As intriguing as this data and shifting bureaucratic Narrative might be from a political perspective (let’s just say that Jack Welch was perhaps not totally wrong in his well-publicized comments regarding the suspicious nature of labor data prior to the 2012 election), there’s a still more interesting question here from an Epsilon Theory perspective. How did this tertiary data series … a labor statistic that maybe 1 in 1,000 professional investors was aware of pre-crisis … a labor statistic that the Bureau of Labor Statistics deemed too minor to administer (!) … come to be the subject of such incredible hand-wringing and scrutiny. Why are we paying such close attention to weekly initial unemployment claims? What does it mean for today’s market that this report is treated as a useful informational signal?
Part of the answer is wrapped up in Fed communications policy and its explicit linkage of monetary policy to labor conditions. I’ve written about this at length in “2 Fast 2 Furious”, and the linkage explains both a generic market and media interest in all things labor-related as well as a very specific interest in the labor statistics that the Fed has noted in its communications. But those communications have never included weekly initial unemployment claims data as a meaningful signal, and it is inconceivable that the Fed – which is staffed with even smarter people than the BLS – would give this data series any credence or weight whatsoever, except in the very broadest sense. Moreover, there are plenty of indications of labor conditions that we know the Fed cares about – the quality or permanence of new jobs, for example – that do not receive one iota of the media attention given to weekly initial unemployment claims.
Here’s the outstanding quality of the initial unemployment claims data from a media presentation perspective – it’s weekly. The data release occurs precisely at 8:30 AM ET every Thursday.
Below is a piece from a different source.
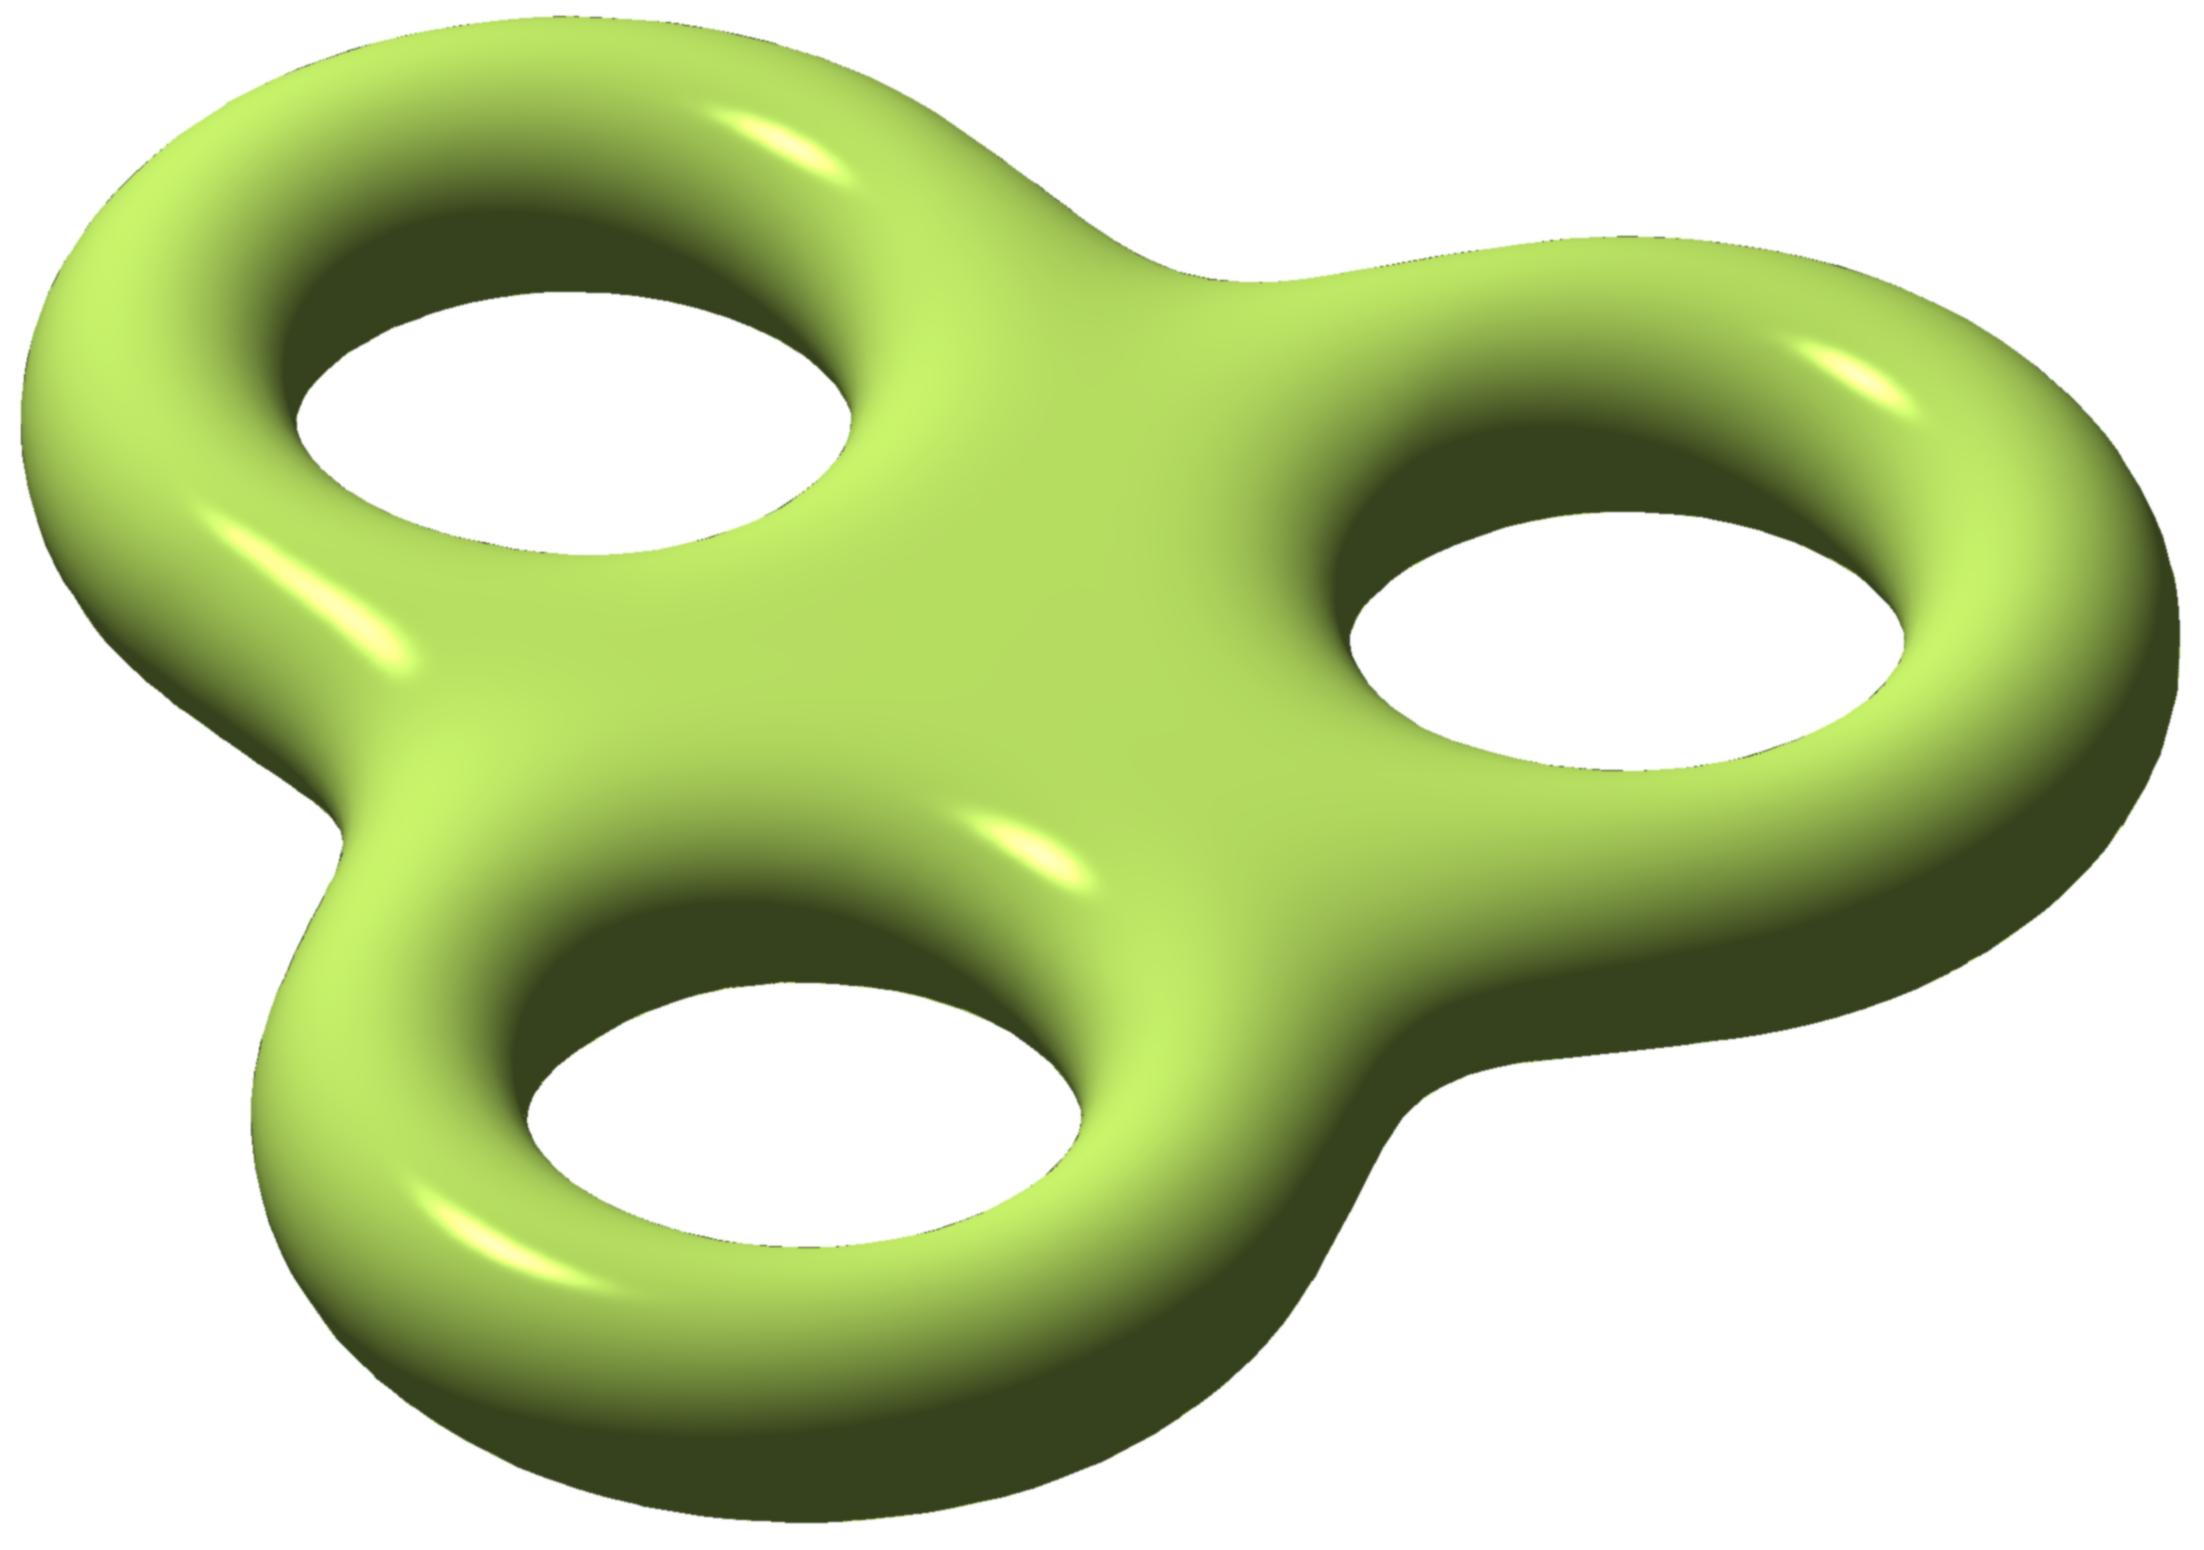 A genus 3 handlebody

With its patina of labor-relevance it’s not an obviously stupid subject to highlight, and with its predictable timing and frequent occurrence it’s tailor-made for media scheduling. The media treatment of weekly initial unemployment claims is representative of the dog race-ification of capital markets, where artificial “events” are established and promoted in hopes of generating investor attention and activity.
In dog racing, there is no meaning to the activity itself other than to provide a context for gambling on the outcome of some pseudo-analyzable event. College football games would still take place even if no one gambled on them, but that’s not the case for dog races. They exist only to excite a gambling animus, and everything about the creation and production of the race is geared to that end. Dog racing is an artificial and constructed practice that fills the coffers of the state Treasuries and the pockets of the Paul Bryant, Jr.’s of the world by providing a regularly scheduled and officially sanctioned venue for the satisfaction of powerful human desires. So, too, are many CNBC segments and WSJ articles.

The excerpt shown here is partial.